Thanks Bryan, but Kentucky can't be number 3 AND number 5. :grinning:


----------



## BrYaNBaIlEy06 (Jul 15, 2003)

> Originally posted by <b>UKfan4Life</b>!
> 
> 
> Thanks Bryan, but Kentucky can't be number 3 AND number 5. :grinning:



Haha. My bad. Meant to have Wake Forest at 5. Thanks.


----------



## Hollis (Jun 4, 2002)

1. Georgia Tech
2. North Carolina
3. Wake Forest
4. Kentucky
5. Oklahoma State
6. Mississippi State
7. Illinois
8. Connecticut
9. Kansas
10. Duke


----------



## texan (Jul 10, 2003)

1. North Carolina
2. Illinois
3. Kansas
4. Wake Forest
5. Kentucky
6. Georgia Tech
7. Uconn
8. Duke
9. Mississippi St.
10. Michigan St.


----------



## jaimedun34 (Jun 19, 2003)

1. Wake Forest
2. GTech
3. UNC
4. Kentucky
5. Kansas
6. Illinois
7. Michigan State
8. UConn
9. Texas
10. Pitt


----------



## BrYaNBaIlEy06 (Jul 15, 2003)

I think Alabama will be very good. I just don't know about their depth. They are returning 4 starters. And, have a great freshman in Ron Steele(PG), to come in and pick up Pettway's slack.
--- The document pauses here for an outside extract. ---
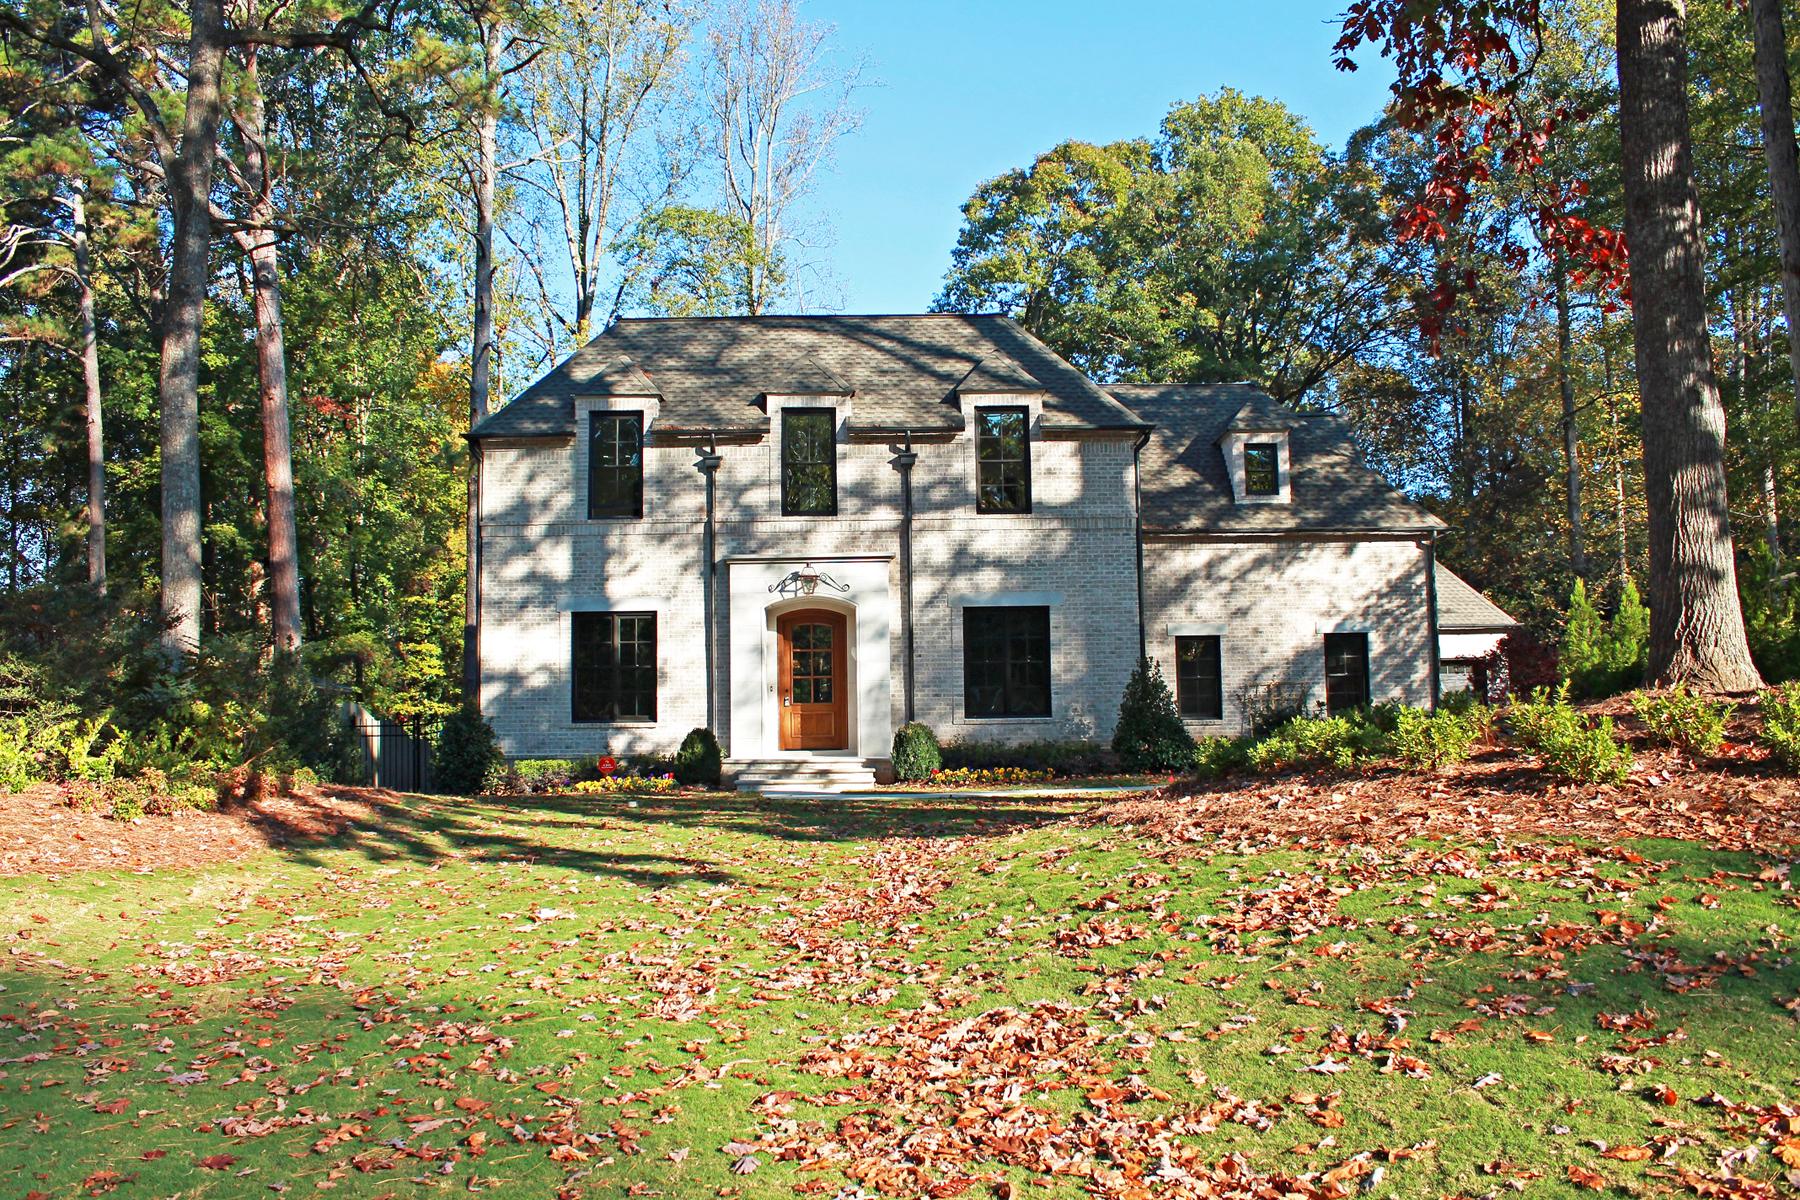 一戸建て のために 売買 アット Incredible Yong Pak Design 1323 Battleview Drive Buckhead, Atlanta, ジョージア, 30327 アメリカ合衆国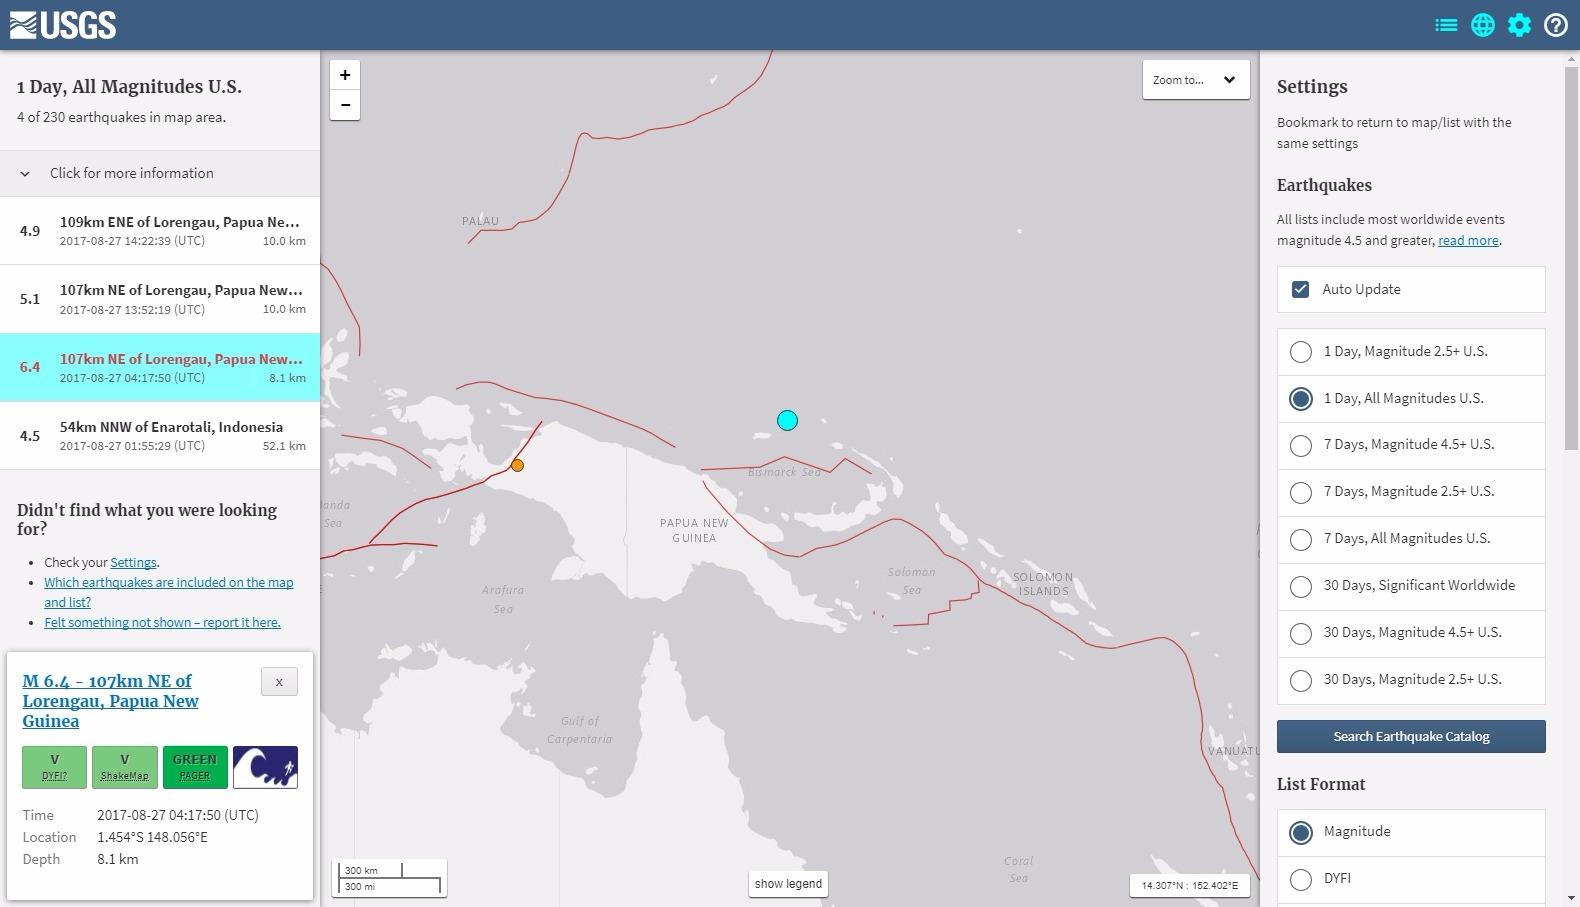 パプアニューギニア沖でM6.4の地震発生…M5クラスの余震続く

I think Bama should have a great year next year.


----------



## tdizzle (Apr 12, 2003)

1) Kansas
2) North Carolina
3) Wake Forest
4) Georgia Tech
5) Michigan State
6) Illinois
7) Duke
8) Louisville
9) Kentucky
10) Mississippi State


----------



## jmk (Jun 30, 2002)

Wow, not one single vote for the ACC Tournament Champions. I have them as my top team, and not just because they're my favorite team. I really really surprised to not even see them once on this thread. Look at this lineup(probable starters in *bold*):

C- * Ekene Ibekwe* (Hassan Fofana/Will Bowers)
PF- *Travis Garrison* (James Gist/Ekene Ibekwe/Nik Caner-Medley/Mike Grinnon)
SF- *Nik Caner-Medley* (James Gist//DJ Strawberry/Mike Grinnon)
SG- *Chris McCray* (Mike Jones/DJ Strawberry/Sterling Ledbetter)
PG- *John Gilchrist* (Sterling Ledbetter/DJ Strawberry)


----------



## Cusematt23 (Apr 15, 2004)

Not trying to be a homer here, but any poll with Syracuse outside the top 10 is moronic. The frosh last year all started showing signs at the end of the year, we have perhaps the best player in the country in his "contract year" with Hakim Warrick, the most clutch shooter in college basketball Mr. McNamara, and athletic talent all over the board from 1-5. Just watch. I think you'll all be shocked. BTW I have UNC as my #1. I think UNC vs. Cuse in the championship with Roy getting revenge on JB.


----------



## kansasalumn (Jun 9, 2002)

I think it is a tad early for this, but here goes.

1-Wake Forest
2-Kentucky
3-Illinois
4-Kansas
5-Georgia Tech
6-Texas
7-Michigan State
8-Oklahoma State
9-Duke
10-North Carolina


----------



## historyofthegame (Jan 30, 2004)

1. UNC
2. Kansas
3. Wake Forest
4. Illinios
5. Pittsburgh
6. Georgia Tech
7. Kentucky
8. Texas
9. Mississippi State
10.Louisville


----------



## Jonathan Watters (Jul 20, 2002)

Michigan State is not a top 10 team...


----------



## Hollis (Jun 4, 2002)

People are starting to state their cases for 'their teams', so maybe I should state the case for 'my team's' rival...:laugh:

Oklahoma State returns everyone from a Final 4 team except for Tony Allen..he was a great player but IMO Joey Graham can be even better...His twin Stevie should step right in and be a solid producer...not to mention they add a really nice recruiting class of JamesOn Curry and Pettway, a JUCO big man...


----------



## Brian34Cook (Mar 26, 2003)

> Originally posted by <b>blabla97</b>!
> Michigan State is not a top 10 team...


My bad, I knew I should have put Iowa


----------



## JT (Mar 1, 2004)

*we will make some noise...feel it.*

Lots of people leaving out Syracuse...we have the dynamic duo of Warrick-McNamara, both of them could go off for 30, and one of the best College coaches ever in Boeheim.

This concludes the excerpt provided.